According to published reports, sakuranetin has been analyzed in different plants by several techniques, like nuclear magnetic resonance (NMR) (Jerz et al. 2005); IR & UV (Zhang et al. 2006), Mass spectrometry (Danelutte et al. 2003); HPLC & LC–MS (Jung et al. 2005), and EI-MS (Ogawa et al. 2007). However, there is no validated HPTLC method reported so far, for the quality control of sakranetin in herbal formulations or drugs. Recently, HPTLC has been extensively used in quality control of herbal drugs because of its various unique features, like inexpensive, high sample throughput, and requirement of very less cleaning solvent (Alam et al. 2014). In individual capacity, HPTLC is a reliable analytical tool for identification of herbs and their constituents, purity and stability testing of their preparations and analysis of uniformity, including those of animal extracts, drugs and excipients. Therefore, it has been widely used in the standardization and quality control of formulated products viz. pharmaceuticals, cosmetics, herbal and nutritional supplements (Alajmi et al. 2013).
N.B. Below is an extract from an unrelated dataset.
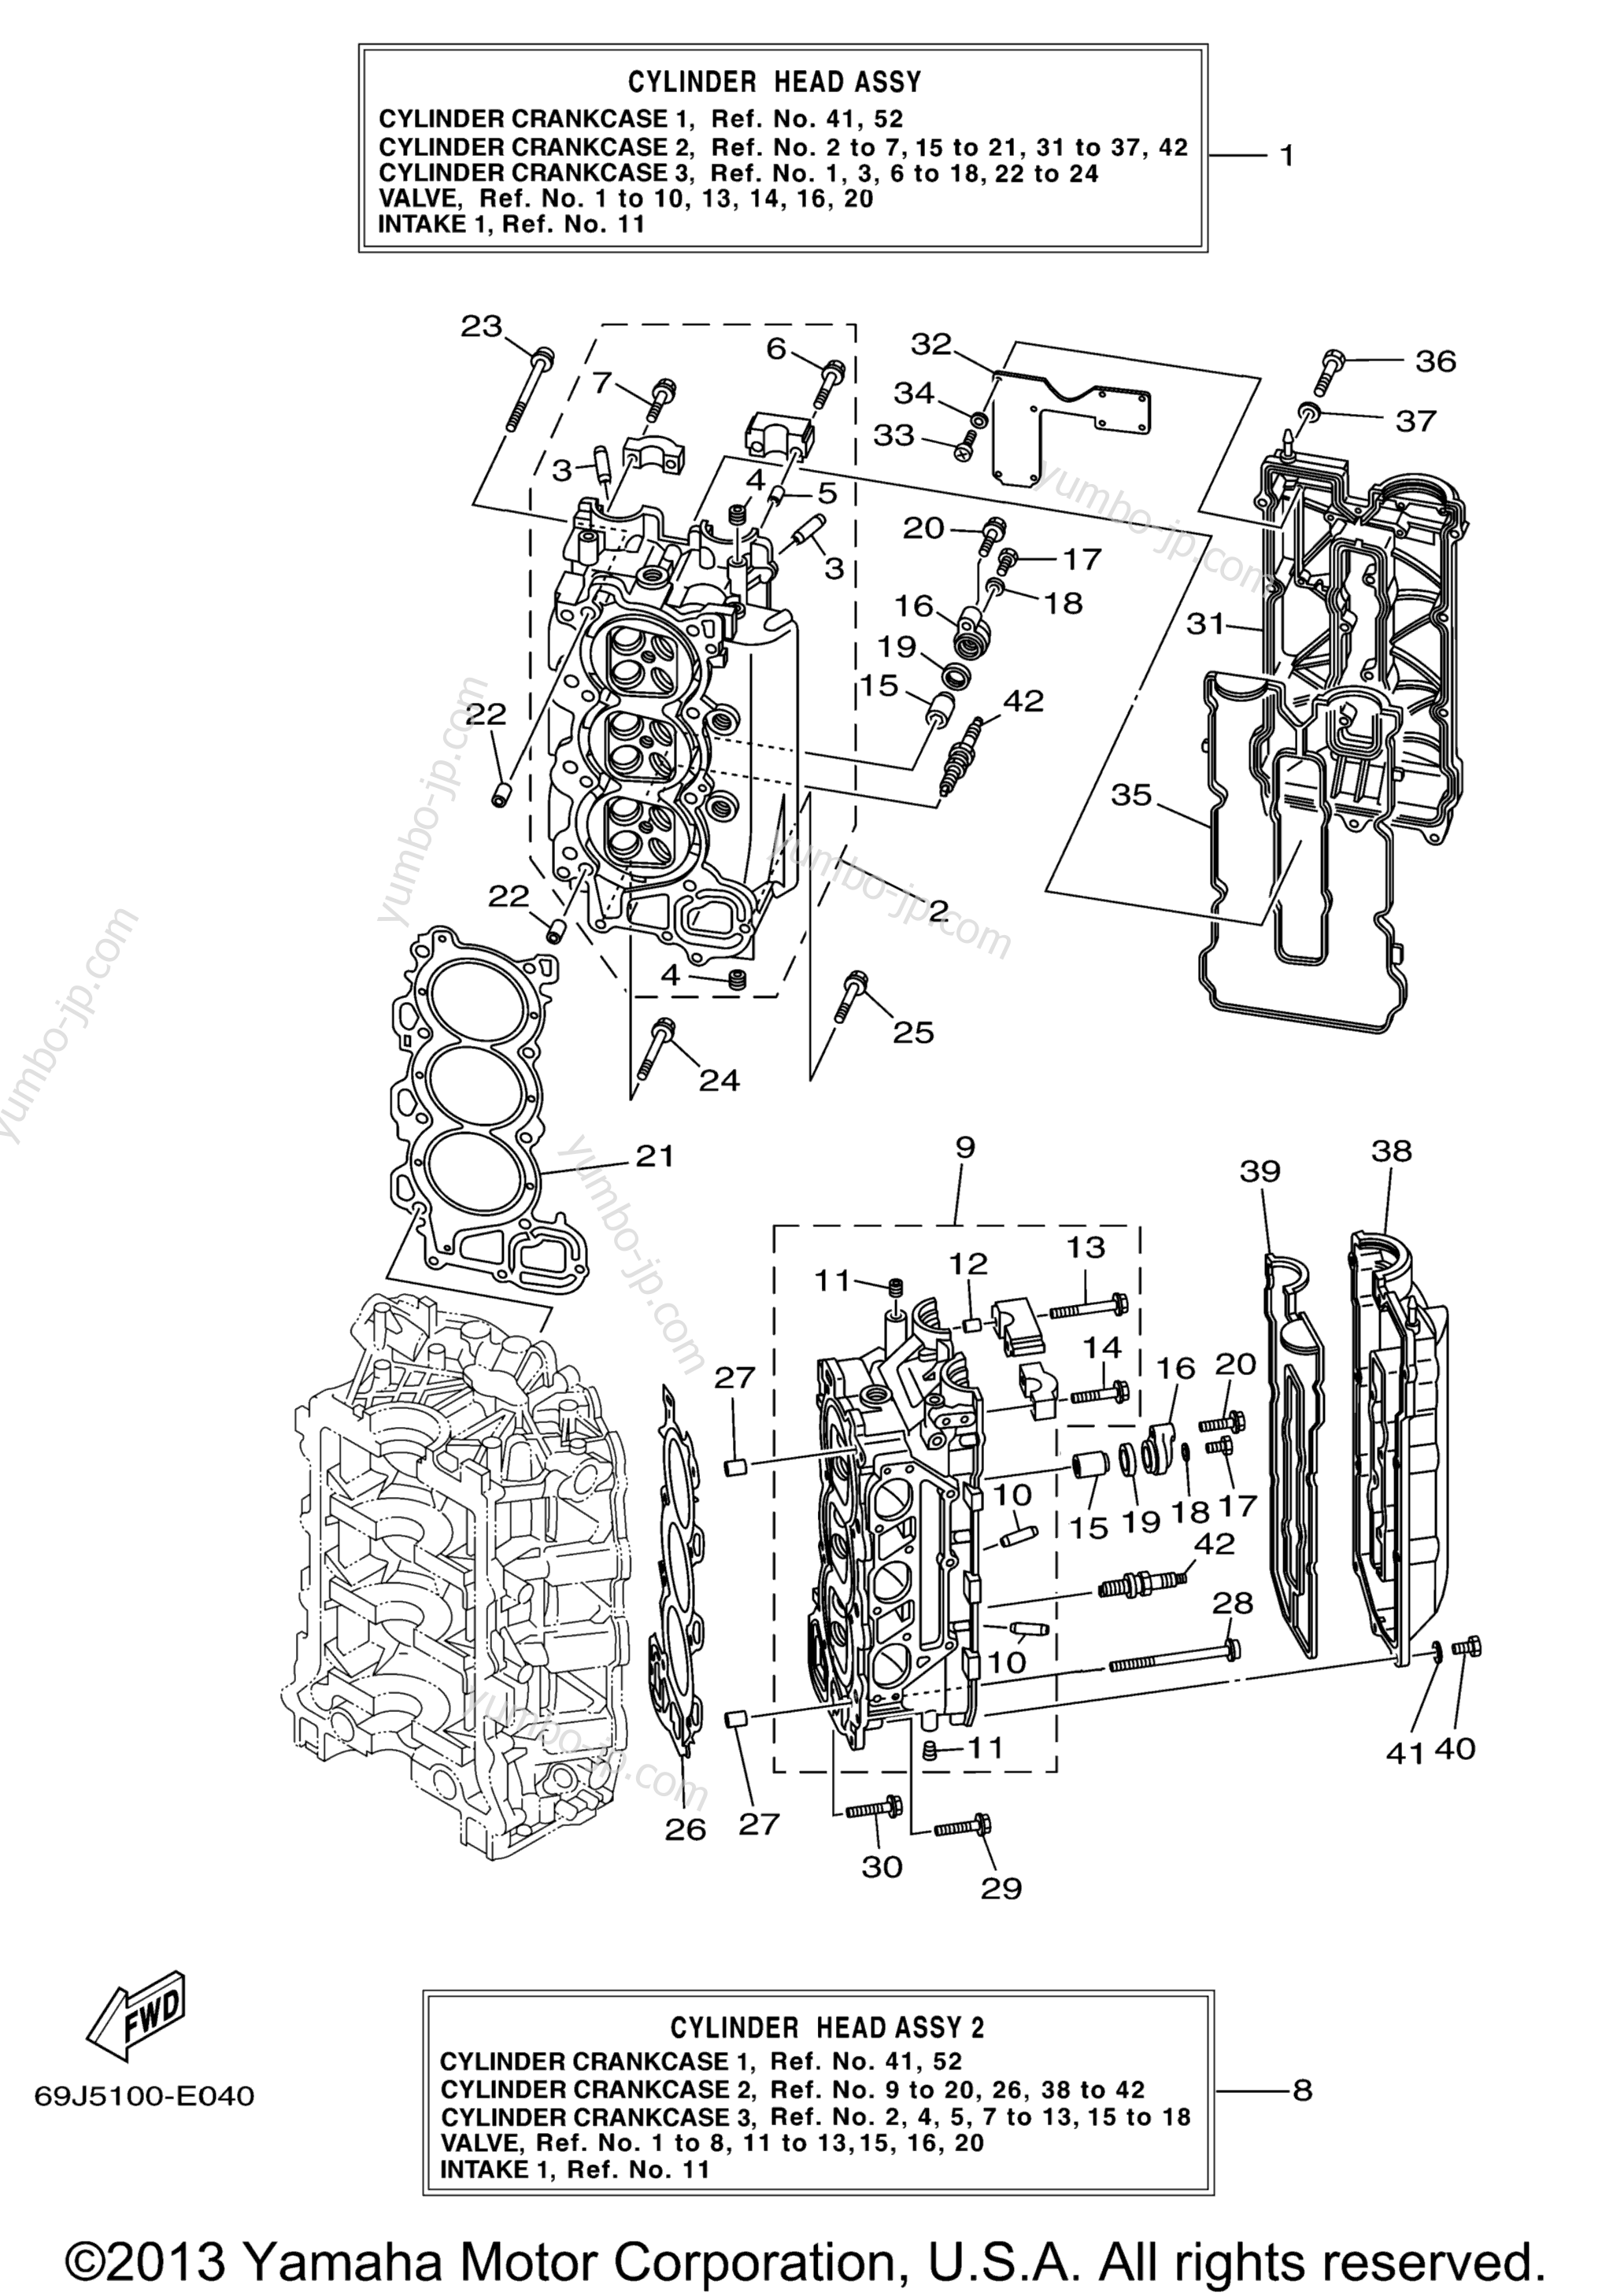 Cylinder Crankcase 2 для лодочных моторов YAMAHA F200TXR (0405) 69J-1021983~1027874 LF225TXR_TUR 69K-1006907~10008 2006 г.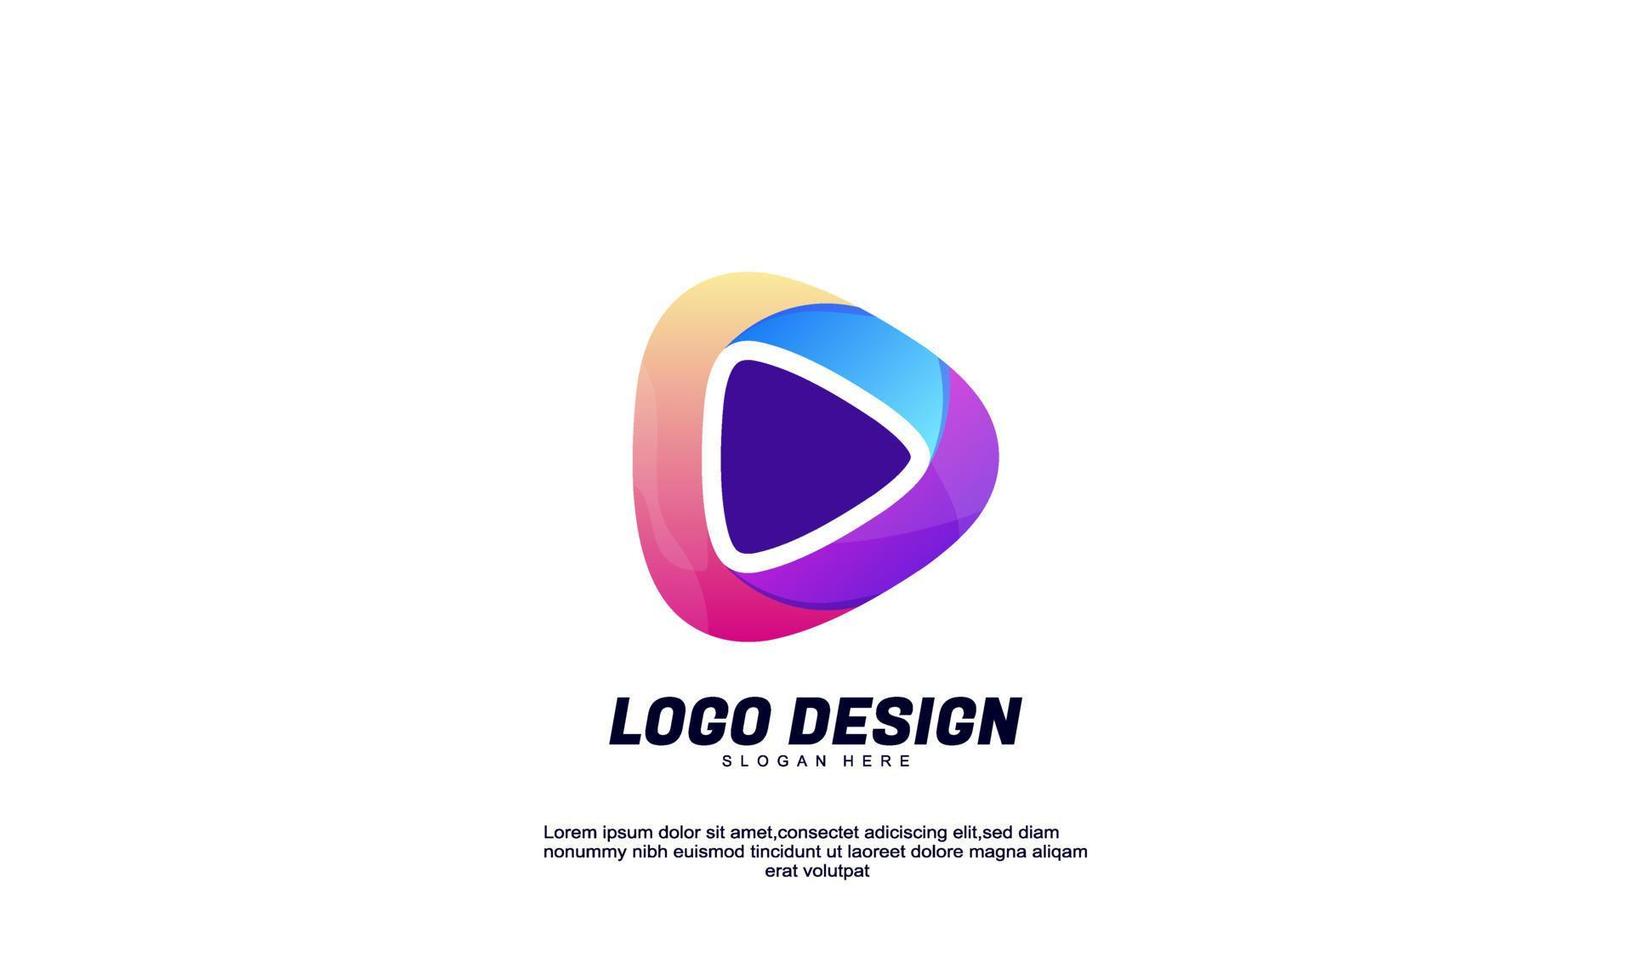 Lager Vektor abstrakte kreative Wirtschaft Unternehmen Produktivität Dreieck Logo Farbverlauf Design-Vorlage

The present validated HPTLC method developed for the estimation of sakuranetin in two Rhus species would be beneficial in helping and facilitating the quality control of herbal drugs.

Conclusion

The finding of high degree of antioxidant property of alcoholic extracts of R. retinorrhoea and R. tripartita warrants further evaluation of the two species in the various chronic diseases caused by free radical-induced oxidative damages. Our developed HPTLC method may be further applied for the quality control of herbal drugs or formulations containing sakuranetin, including the study of degradation kinetics.